Tuesday, October 07, 2008

Gates: ideology trumps all for Iran


Trying to Be Friends with Iran -Barry Rubin

In response to a casual question, US Secretary of Defense Robert Gates dropped a historical bombshell, an offhand remark telling more about how the Middle East works than 100 books.

U.S. Secretary of Defense Robert Gates said: "I have been involved in the search for the elusive Iranian moderate for 30 years." Gates then revealed that Jimmy Carter's national security adviser, Zbigniew Brzezinski, met top officials of the new Islamist regime in November 1979 to pledge U.S. friendship to the government controlled by Ayatollah Ruhollah Khomeini. Brzezinski's position was: "We will accept your revolution....We will recognize your government. We will sell you all the weapons that we had contracted to sell the shah....We can work together in the future." The Iranians demanded the U.S. turn over to them the fugitive shah, whom they would have executed. Brzezinski refused. Three days later Iran seized the U.S. embassy in Tehran.

Washington did everything possible to negotiate, conciliate and build confidence. We'll do almost anything you want, Carter and Brzezinski offered, just be our friend. Far from persuading Khomeini that the U.S. was a real threat, the U.S. government made itself appear a pitiful, helpless giant, convincing Tehran - as Khomeini himself put it - that America couldn't do a damn thing. So why should we expect such a tactic would work today?

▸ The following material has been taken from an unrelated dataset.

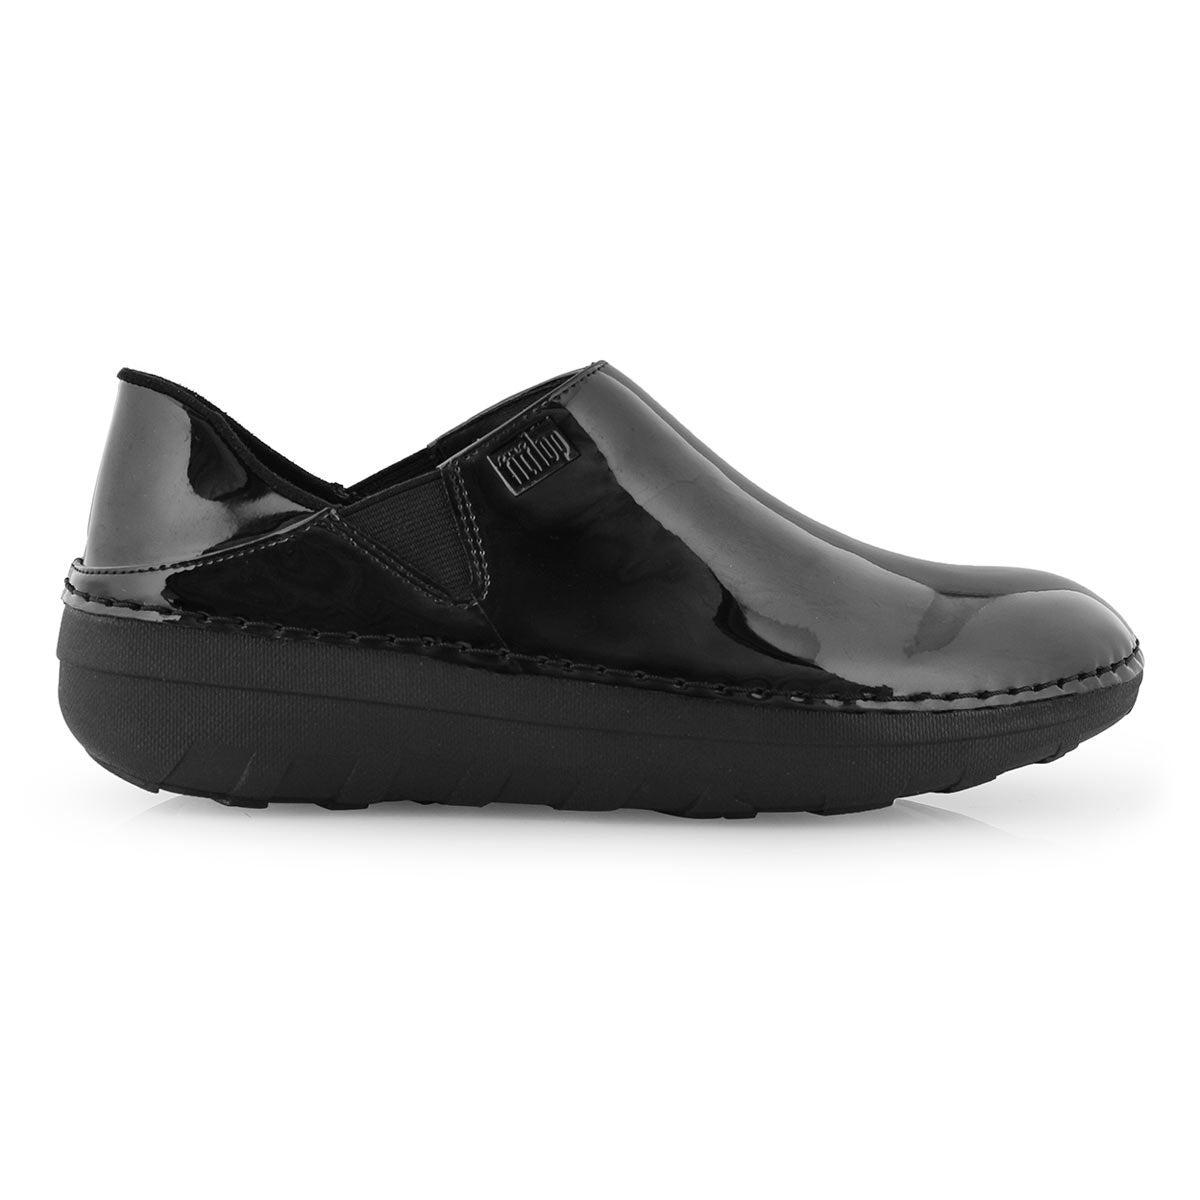 Lds Superloafer black casual loafer

How long does it take to get the message: This is an ideological revolution with huge ambitions to which America is inevitably a barrier. Appeasement, talks, apologies, confidence-building measures won't convince Tehran that America is its friend, only that it's an enemy so weak as to make aggression seem inevitably successful.

Gates noted: "Every administration since then has reached out to the Iranians in one way or another and all have failed....The reality is the Iranian leadership has been consistently unyielding over a very long period of time in response to repeated overtures from the United States about having a different and better kind of relationship."
(Jerusalem Post)

3 comments:

LHwrites said...

There seems to be some paraphrasing here, and I am not sure, as Gates nor the article report their sources, that this went on as it is written. While Reagan may have expected better relations with Iran becuase they released the hostages when he was elected, and other things that we will get to in a minute, he did nothing diplomatically to bridge any gap as the American people were still smarting from the hostage crisis. George W. declared them part of the "axis of evil" and has never reached out to them unti recently---very recently--because he is panicking that his Presidency has truly destroyed the modern world now that the economy is doing as well as the MidEast thanks to America 'leading the way'---much to the chagrin perhaps of John McCain. So what does Gates mean that every administration has reached out in some way since Carter? Does he really mean "what I meant to say is I haven't a clue what I am talking about?" Because that seems much more accurate. Or perhaps Gates is referring to the wonderful Reagan/H.W. Bush years when we sold Iran arms--even through Israel, because these were the '33% less dangerous than the Ayatollah Iranians' I guess,--to free American hostages in the MidEast and fund the Nicaraguan resistance. Ah, the good old days, when Republicans used to fund terrorists and use others to destabilize governments. Safer than using our own troops, but less effective. That must be where the Bush doctrine really differs. I would say Gates should stick to what he knows best, but I am not sure anyone knows what that is.

Bruce said...

The point was probably less partisan and simply: Iran has consistently rejected creative compromise and talk.

Bruce said...

The innovative "historical bombshell" was that he was present at the meeting Brzezinski had with top Iranian officials and could report what was not reported before.